Malaysia Sales Tax 2018
Following the announcement of the re-introduction of Sales and Services Tax (“SST”) (that will kick start on 1 September 2018), the Royal Malaysian Customs Department (“RMCD”) has recently announced the implementation framework of SST as well as a detailed FAQs to arm Malaysians with sufficient knowledge of the new tax regime before SST commence.
Sales Tax Framework
The new Sales tax will be levied on taxable goods that are imported into, or manufactured in, Malaysia. The proposed sales tax will be 5% and 10%, or a specific rate for petroleum. Goods are taxable unless they are specifically listed on the sales tax exemption list.
According to the recent RMCD Guidance, a general exemption under the proposed Sales Tax (Persons Exempted From Sales Tax) Order 2018 will substitute the former sales tax exemption process (applications through the Forms CJ5, CJ5A, and CJ5B) for raw materials and components.
While this newly introduced regime will minimize the compliance burdens by manufacturers (relating to the filing of the exemption application forms), it could lead to more RMCD audits as to ensure registered manufacturers have properly used the general exemption.
1. The taxable goods are as follows:
Taxable goods that are manufactured in or imported into, Malaysia by a tax person are subject to sales tax.
2. Exempted Goods
Under the new framework, food items, chemicals, pharmaceutical goods, medicine, iron, steel, as well as machinery and plant would not be subject to sales tax.
3. Exempted Manufacturing Activities
Tailoring, jewellery-making, opticians’ services and engravings are the exempted manufacturing activities.
4. Exempted Persons
- Federal and State governments
- Ruler of States
- Local Authorities
- Inland clearance depots
- Duty-free shops
- Manufacturers of certain non-taxable goods
- Registered manufacturers acquiring raw materials, components and packaging used to manufacture taxable goods.
5. Registration and Threshold
Manufacturer/person who produces taxable goods with the annual turnover exceeds the threshold of MYR500,000. SST Registration can be done online through the RMCD’s MySST system.
On top of that, the customs authorities will automatically register eligible manufacturers (manufacturers that meet the required registration criteria) where manufacturer will be notified and are required to charge tax as from 1 September 2018. For any business/person who is liable to register but is not automatically registered by 1 September 2018, he or she must apply for registration within 30 days from 1 September 2018.
6. Filing of Returns
The filing of the sales tax returns can be done either manually or via the online MySST portal. The filing of returns must be done on a bi-monthly basis.
7. Invoicing Requirements
According to the new tax regime, it is a mandatory requirement that registered manufacturers to issues invoices with relevant prescribed particulars.
What are the Differences Between the Old Sales Tax Act and the New Sales Tax Model?
1. Higher registration threshold
Under the sales tax regime, a higher registration threshold is introduced and that has excluded small industries from the new tax regime. Unlike the former sales tax regime, businesses that do not meet the annual turnover thresholds can now opt for voluntary registration regime.
2. Reduced late payment penalties
A 40% late payment penalty of tax due will be imposed instead of the previous 50%. In addition, under the new tax regime, the maximum penalty would be reached within 90 days instead of the 150 days.
3. New list of exemptions
The list of exemptions has undergone some changes if compared with previous exemption list.
1. Final GST Audit
RMCD has cleared the air that it will conduct Goods and Services Tax (“GST”) audits for closure purposes from 1 September 2018 after the SST commence.

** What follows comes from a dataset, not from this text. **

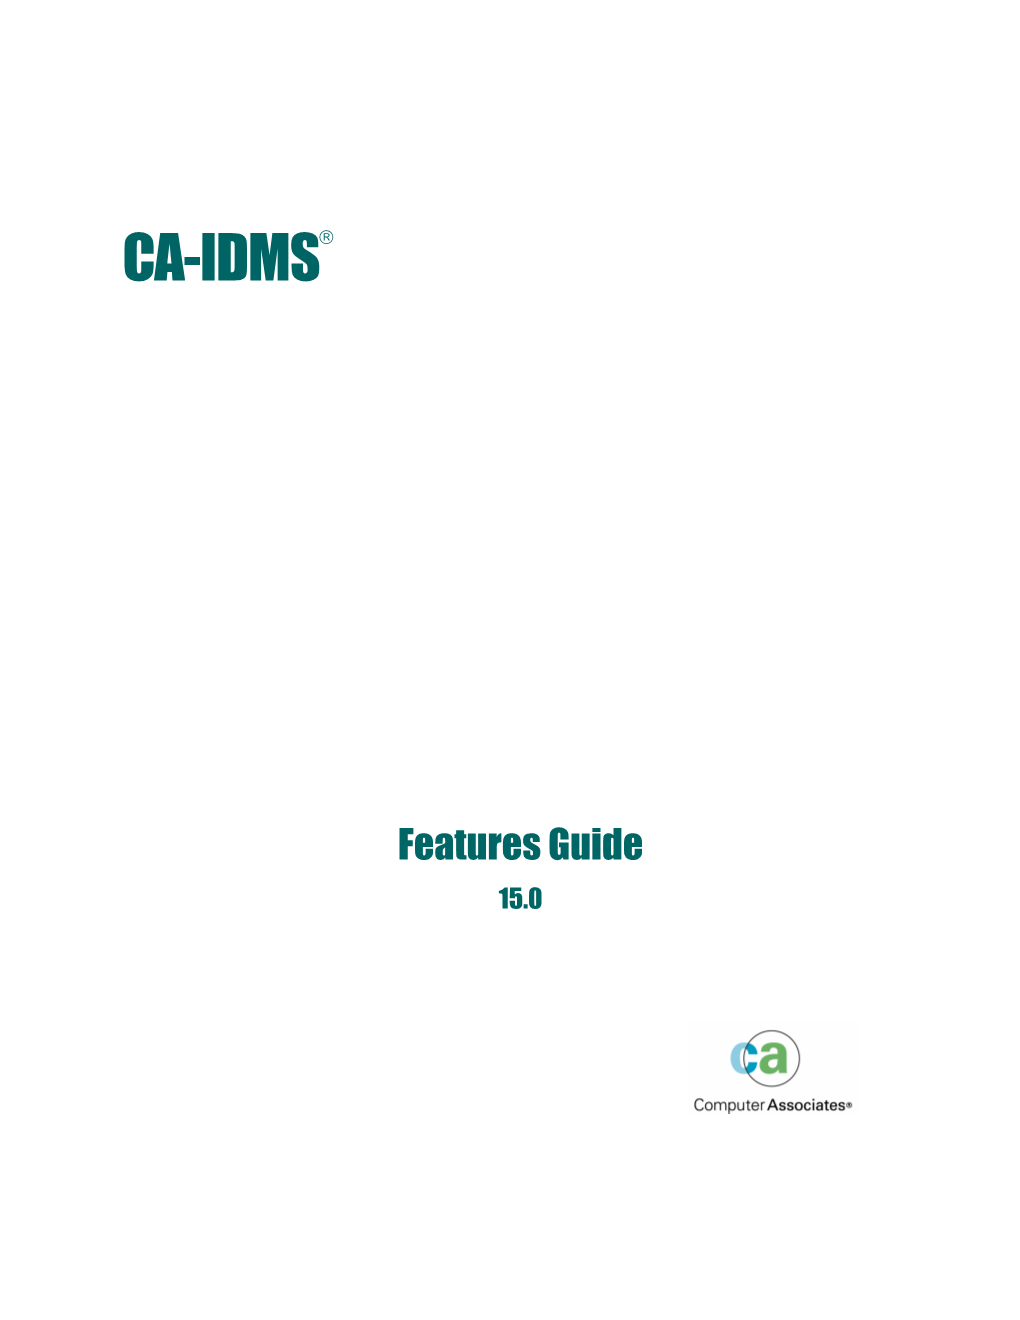 CA-IDMS 15.0 Features Guide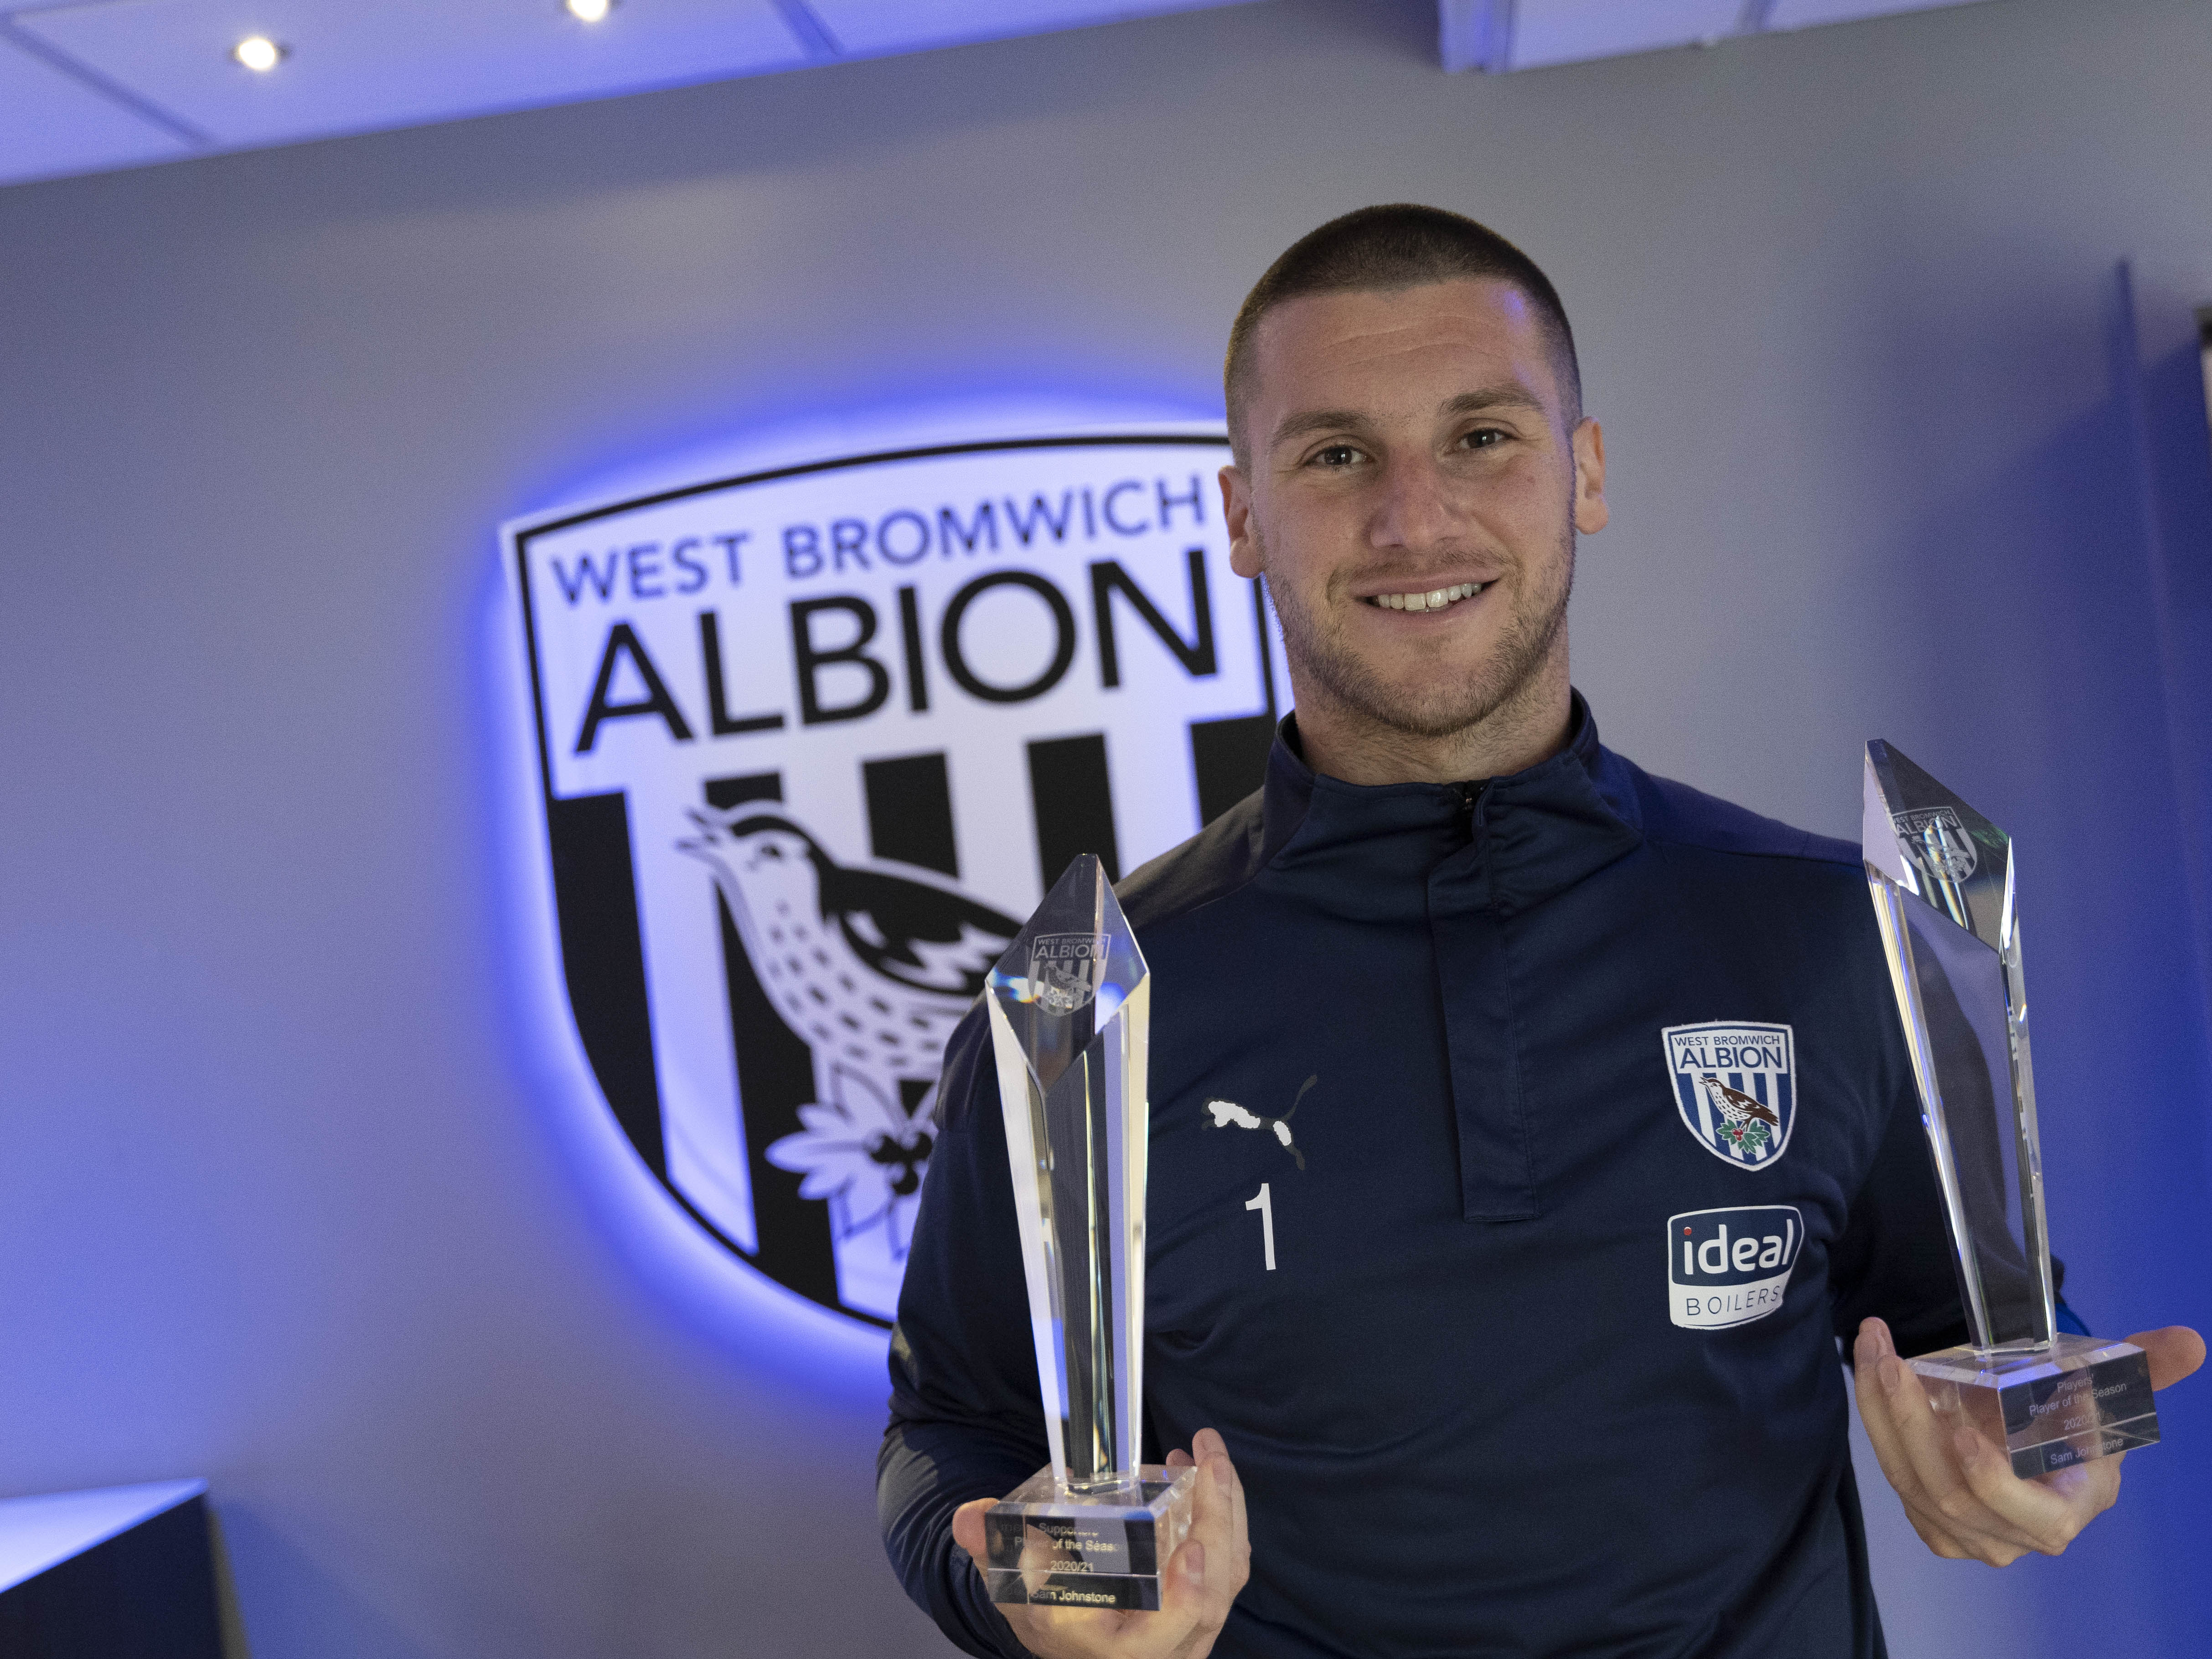 Sam Johnstone has capped off an impressive campaign by picking up a trio of Albion accolades on the day he was included in England’s provisional Euro 2020 squad

2. Import of goods or sale that falls within the scope of sales tax
The sales of goods that are transferred from the supplier’s warehouse before 1 September 2018 are subject to GST. However, goods that are transferred on or after 1 September are subject to sales tax.
For cases of advance billing (invoice issued or payment received) before 1 September 2018, businesses are required to assess the advance billings and prepayments decide if any portion of the sales would be subject to sales tax.
3. Subcontracting work that falls within the scope of sales tax
Subcontracting services that are performed before 1 September 2018 are subject to GST while subcontracting services performed on or after 1 September will be charged according to the sales tax regime. For cases of advance billing (invoice issued or payment received) before 1 September 2018, businesses are required to assess the advance billings and prepayments decide if any portion of the sales would be subject to sales tax.